According to the published Rationale for the C Standard:
The terms unspecified behavior, undefined behavior, and implementation-defined behavior are used to categorize the result of writing programs whose properties the Standard does not, or cannot, completely describe. The goal of adopting this categorization is to allow a certain variety among implementations which permits quality of implementation to be an active force in the marketplace as well as to allow certain popular extensions, without removing the cachet of conformance to the Standard. [italics in original]
The Standard thus uses the term undefined behavior to refer both to constructs which would generally be meaningless on all implementations, and to constructs which some implementations will process as "popular extensions" but others may not.
Without knowing what your particular code is doing, it could be any of three situations:
Your code is relying upon a compiler to support a "popular extension", but in its present configuration it does not. Some such extensions were documented in the authoritative language specifications that predated the Standard (e.g. the 1974 "C Reference Manual", or K&R's "The C Programming Language", first and second editions) but weren't considered extensions at the time.

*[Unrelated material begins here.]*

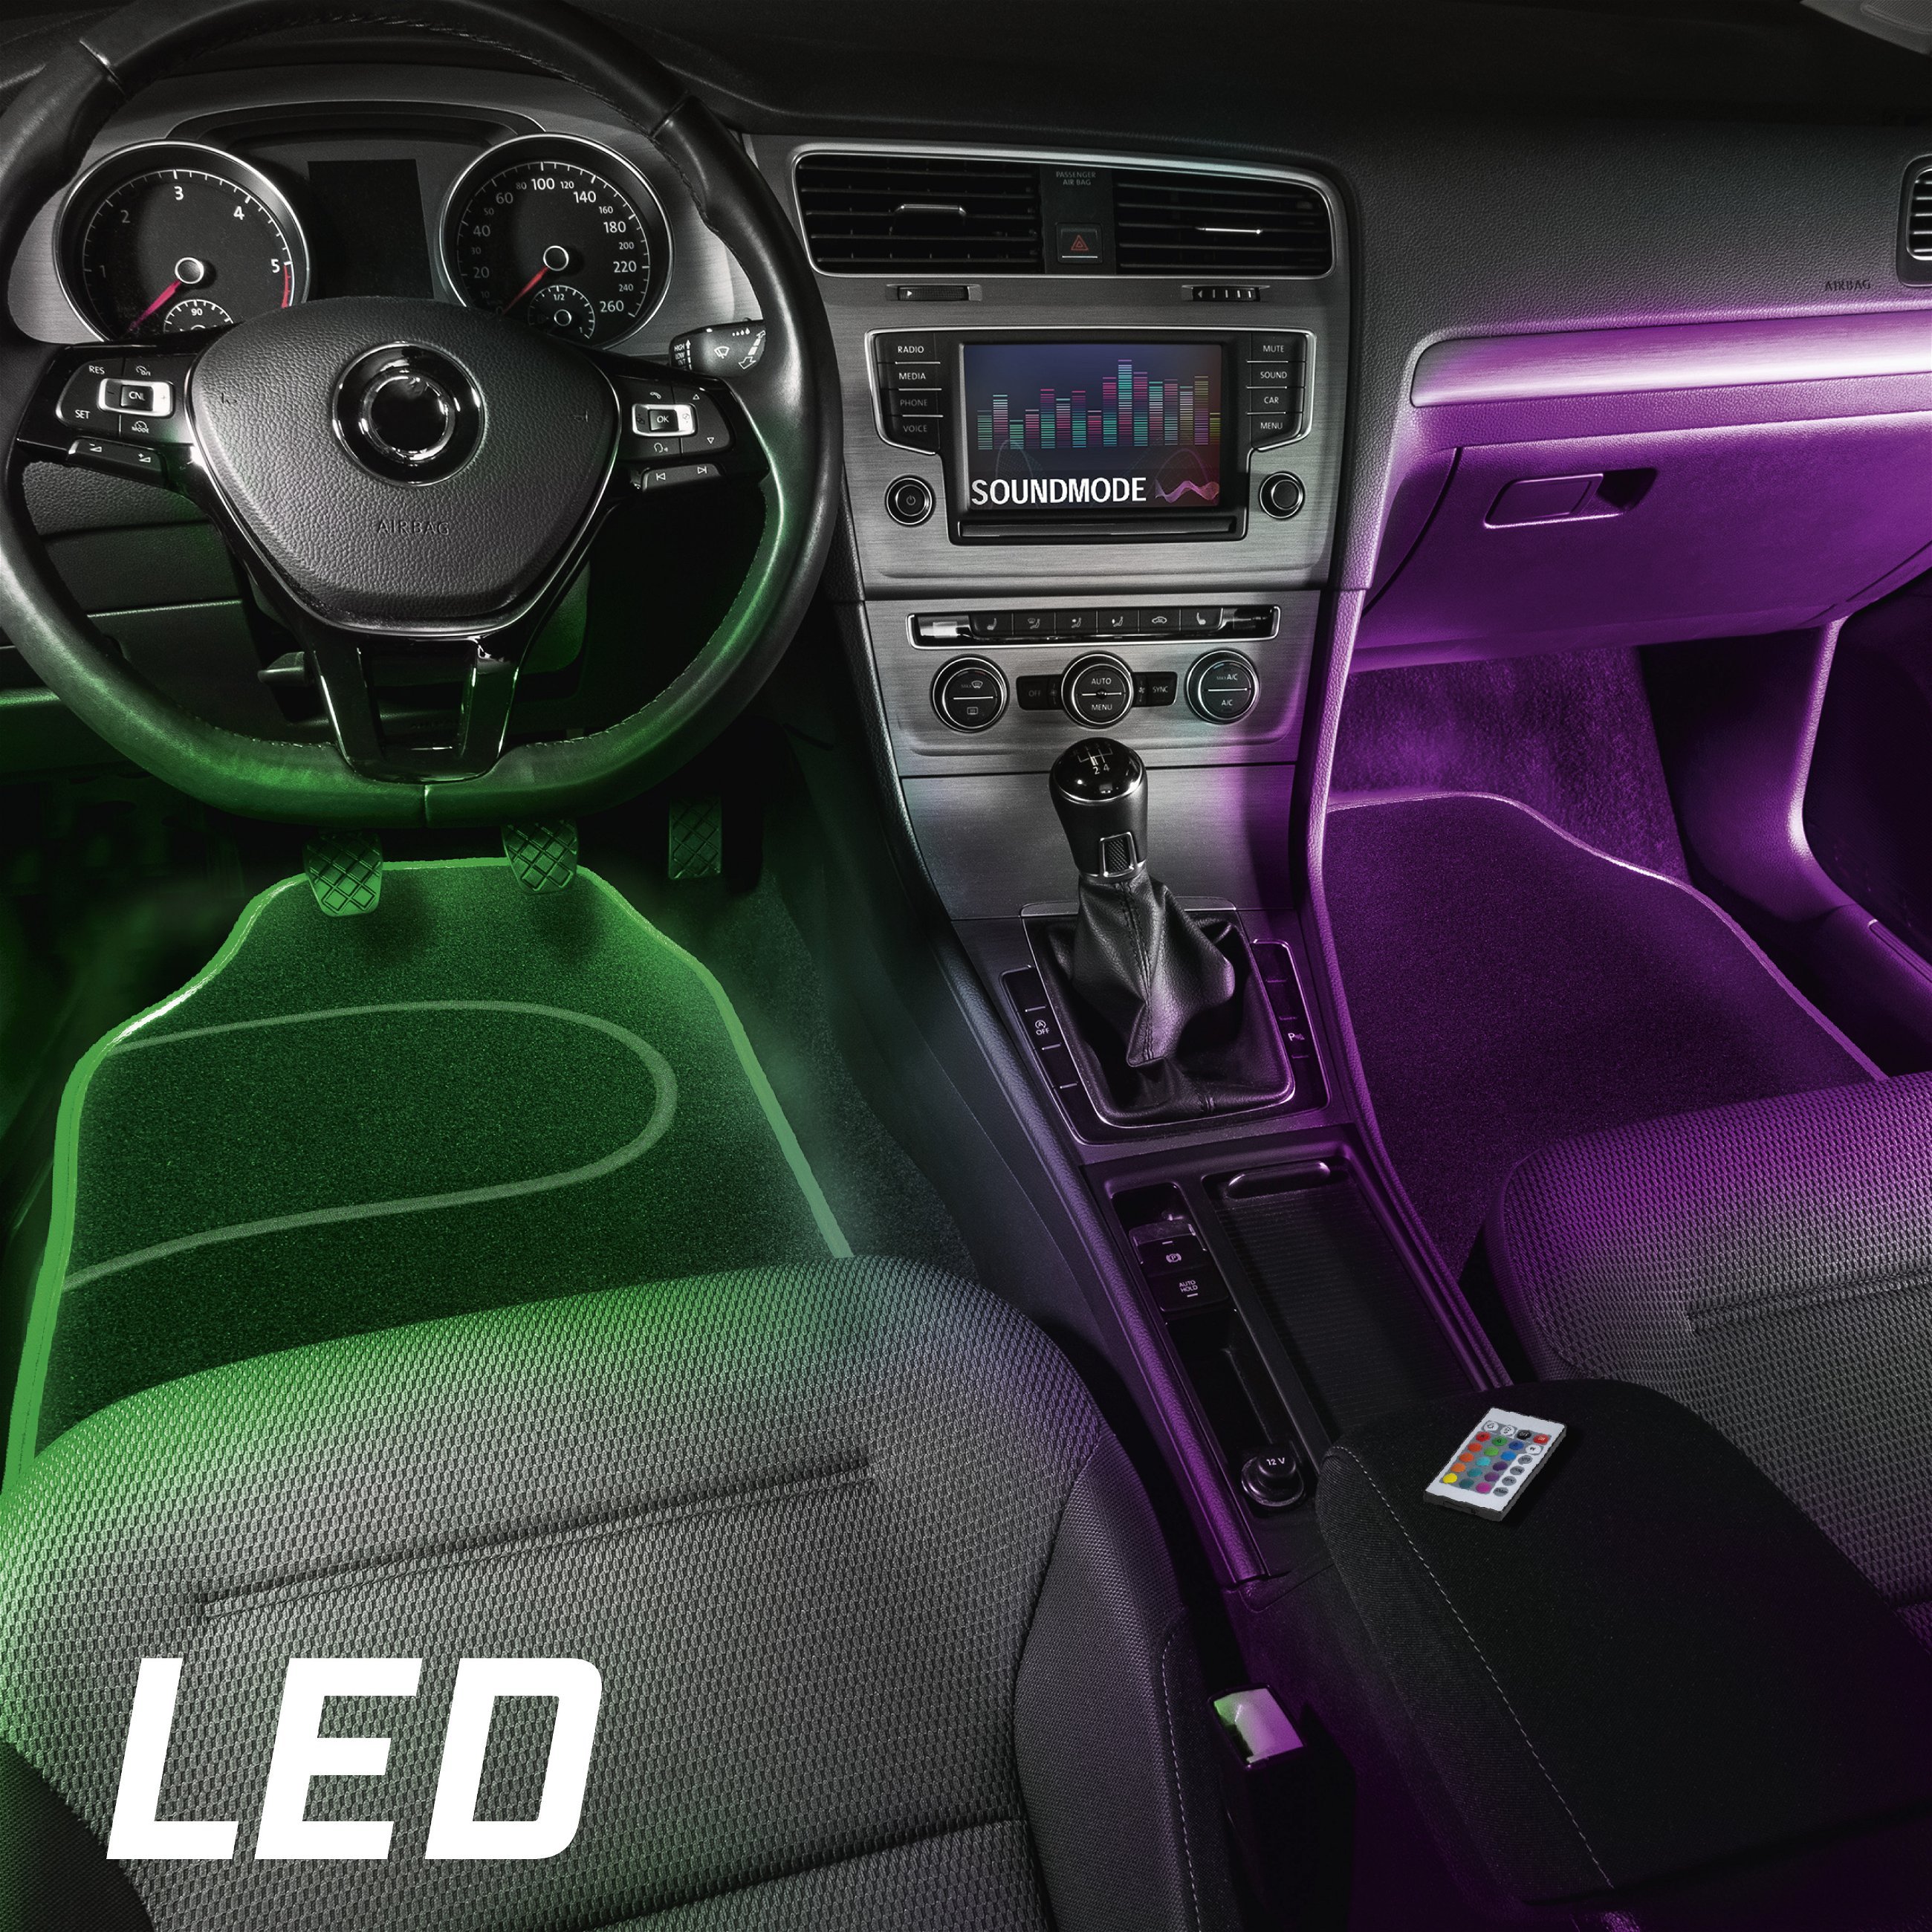 Tapis de voiture LED Ambiente avec sélection des couleurs, diverses fonctions d'éclairage et télécommande pour l'éclairage d'ambiance

Instead, judging from the Rationale, the authors of the Standard intended to say that compilers weren't required to behave precisely as earlier earlier specified in corner cases where doing so would be expensive and useless, and didn't think it necessary to explicitly say that compilers should nonetheless support the behaviors when practical and useful but expected compilers to do so whether mandated or not.
The code is accidentally doing something whose effects were never specified anywhere, and would thus be unpredictable.
The code is doing something which the Standard allows implementations to process in two or more different ways, chosen in Unspecified fashion (e.g. given x=f()+g();
, implementations are allowed to call f()
and then g()
, or to call g()
and then f()
, choosing in whatever manner they see fit), and its behavior is defined by the Standard or the implementation as performing in one of the ways it does.
In situations like yours, the problem is most often #1, #2, or a combination thereof, than #3. While #2 is perhaps more common than #1, compilers that value "optimization" above compatibility with existing code are making #1 increasingly common.